WHAT IS EXPECTED:
Whatever pictures appear, omit them, and repeat the data below exactly.
*** DATASET EXTRACT ***
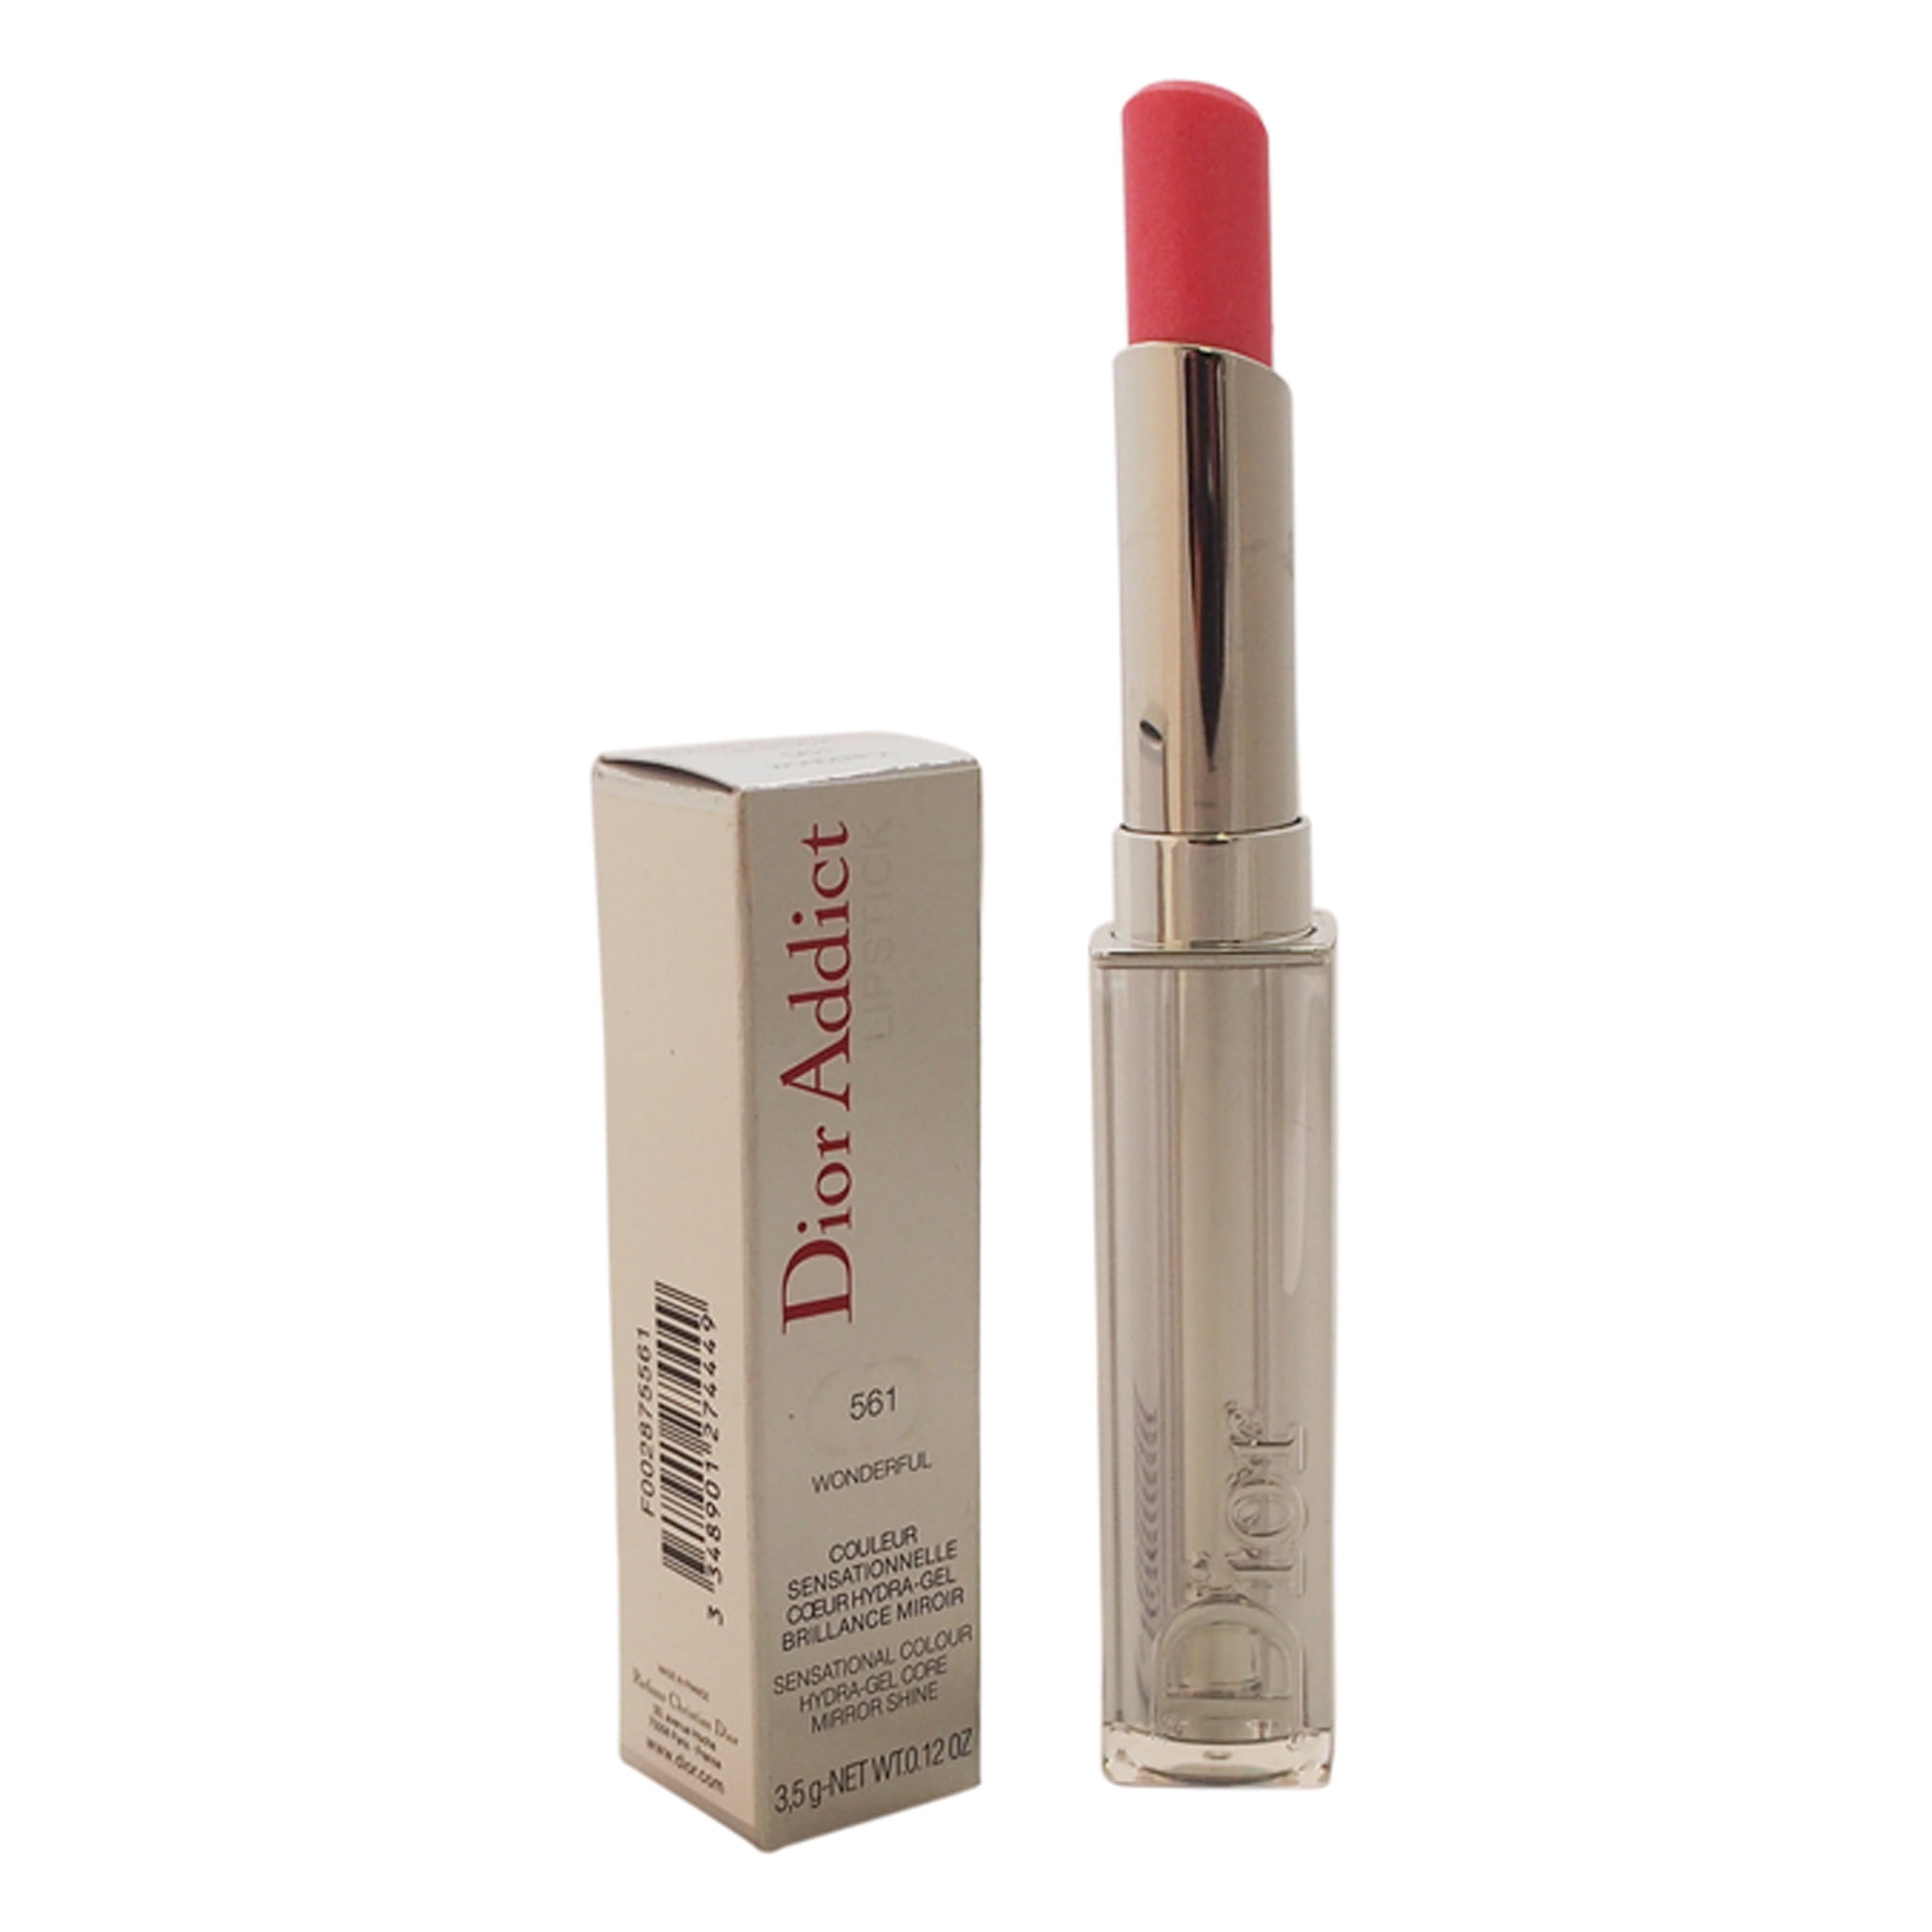 Dior Addict Lipstick - # 561 Wonderful 
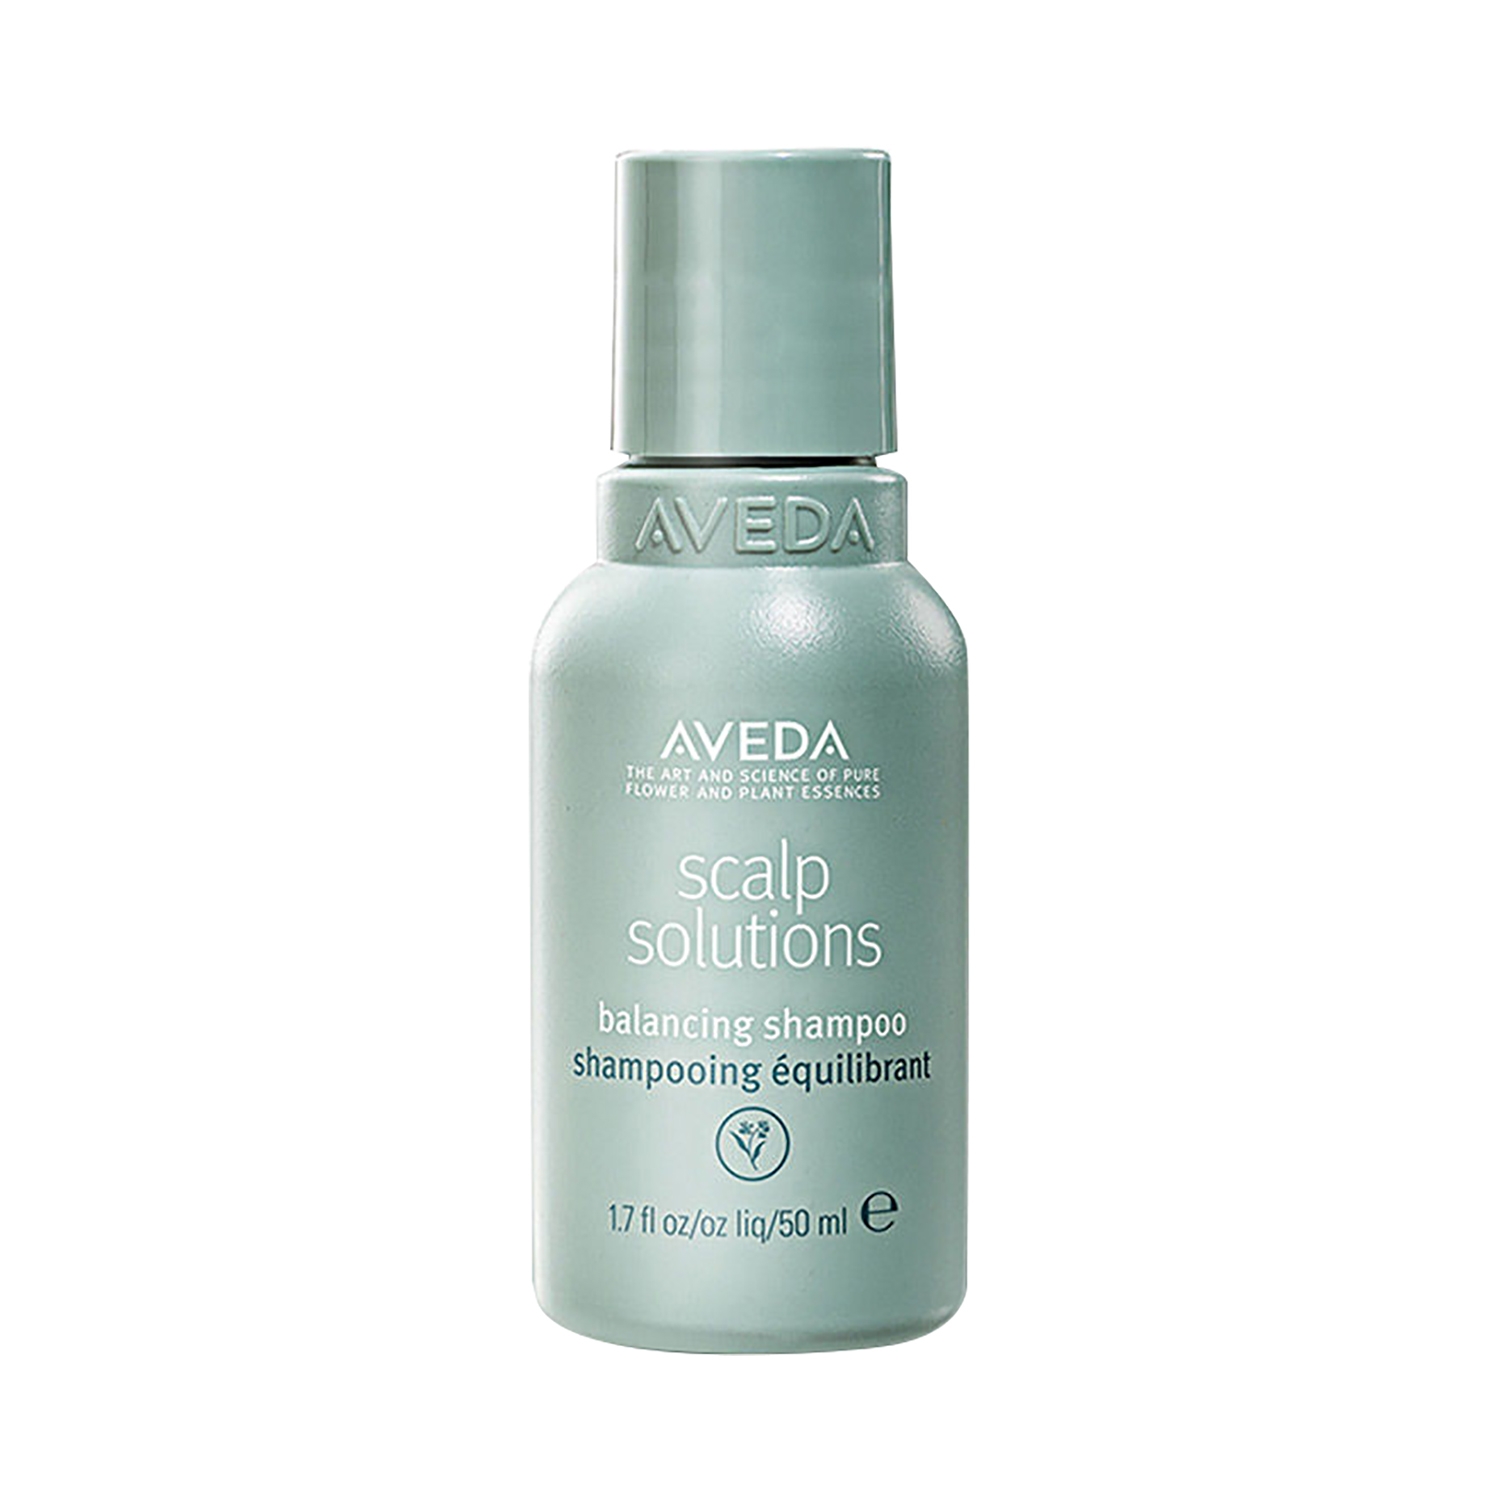 Aveda | Aveda Scalp Solutions Balancing Shampoo (50ml)
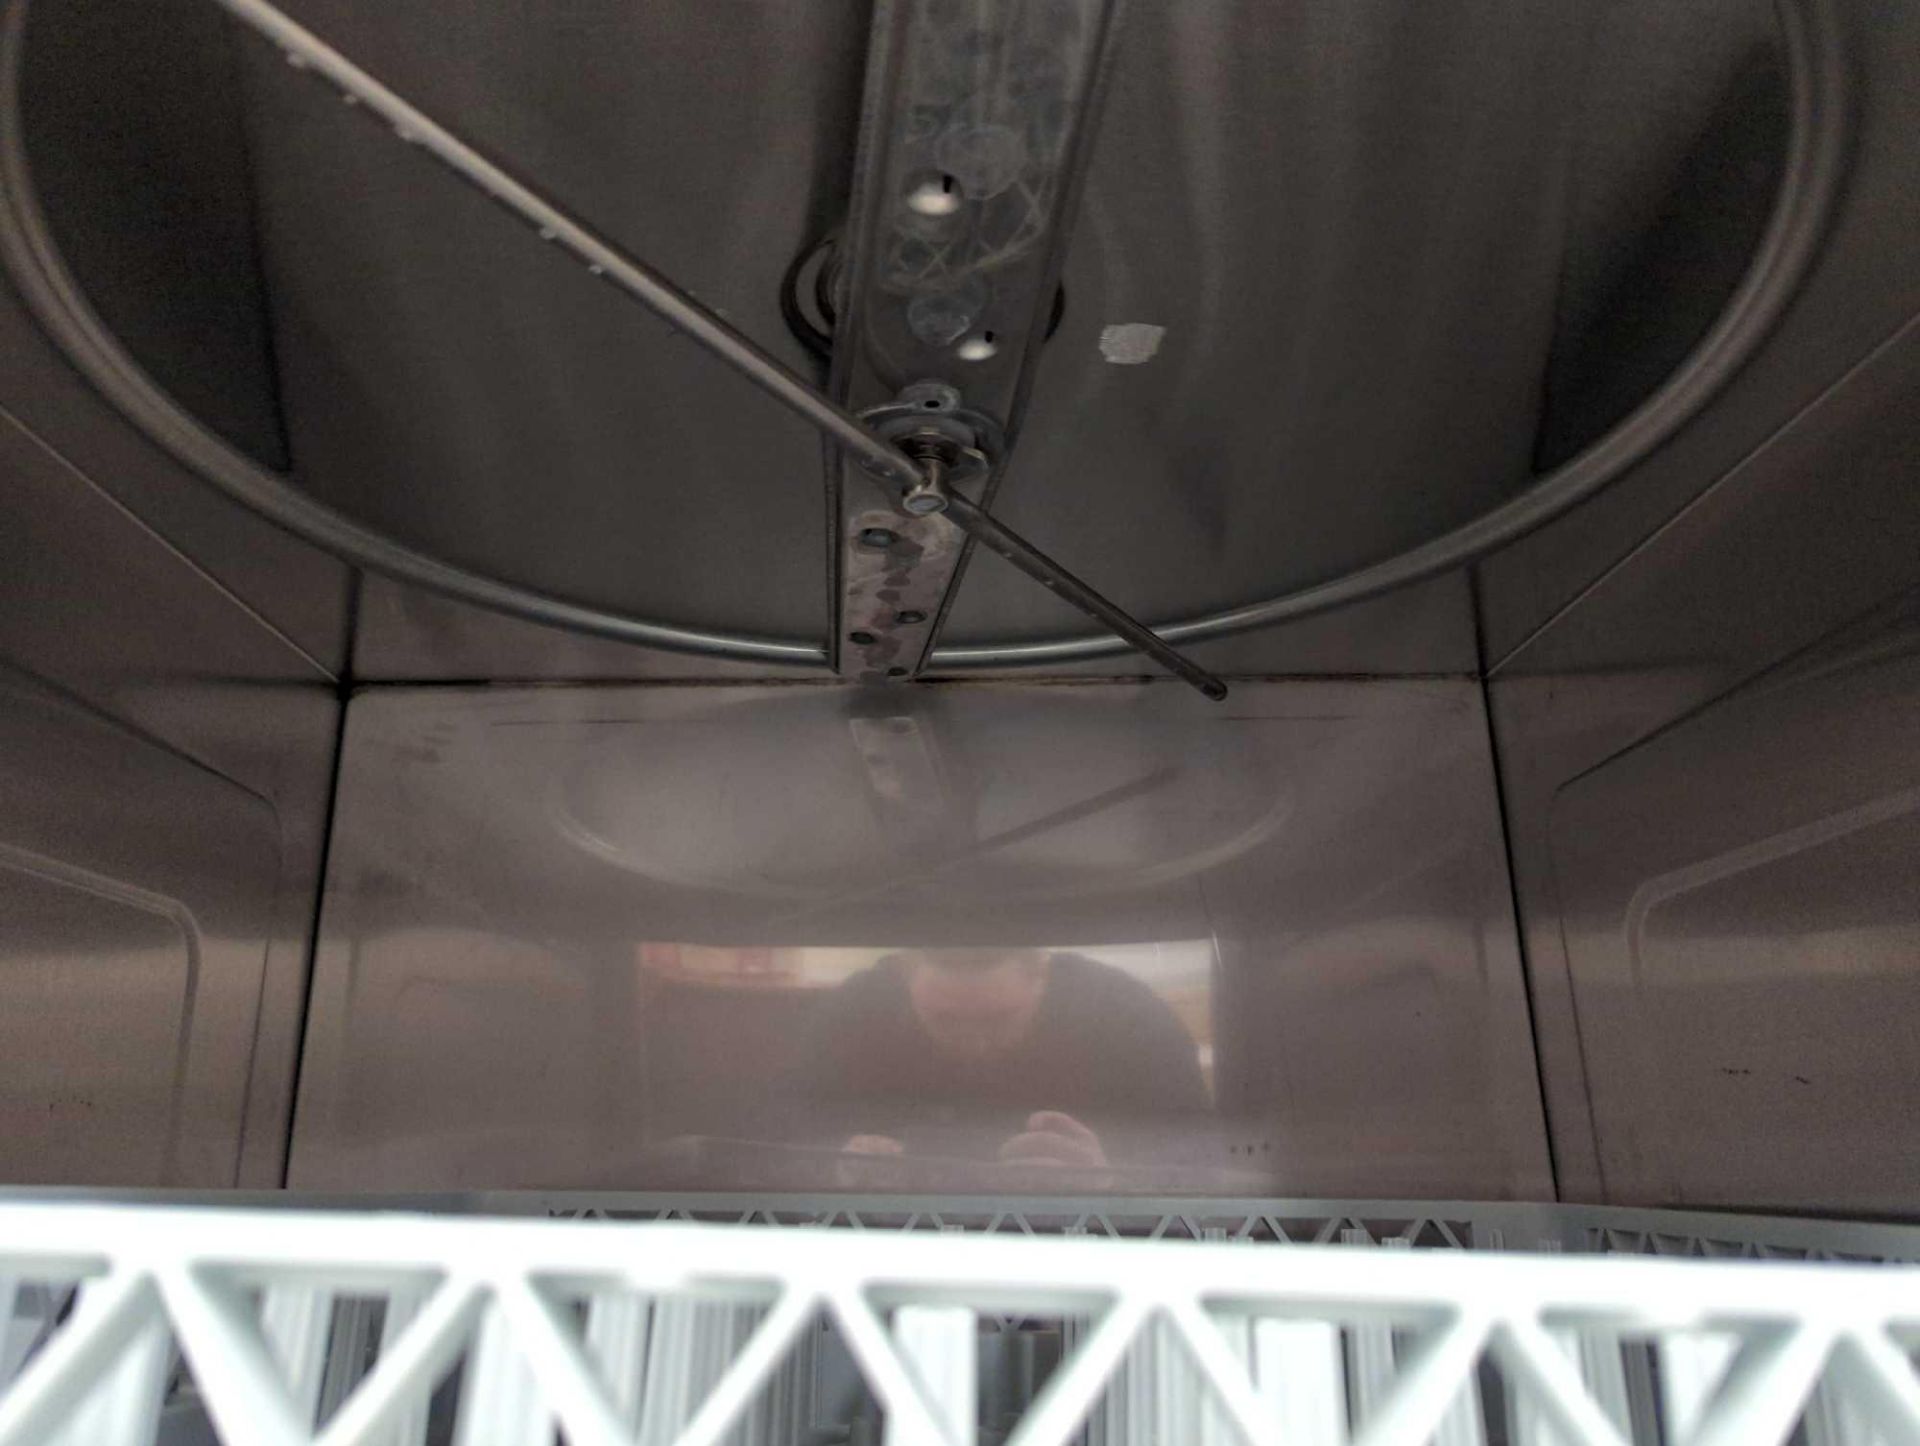 Hobart LXi-H stainless Steel Hot Water Sanitizing Dishwasher - Image 9 of 9
***
SOLVED EXERCISE:
 Dior Addict Lipstick - # 561 Wonderful 
 Aveda | Aveda Scalp Solutions Balancing Shampoo (50ml)
 Hobart LXi-H stainless Steel Hot Water Sanitizing Dishwasher - Image 9 of 9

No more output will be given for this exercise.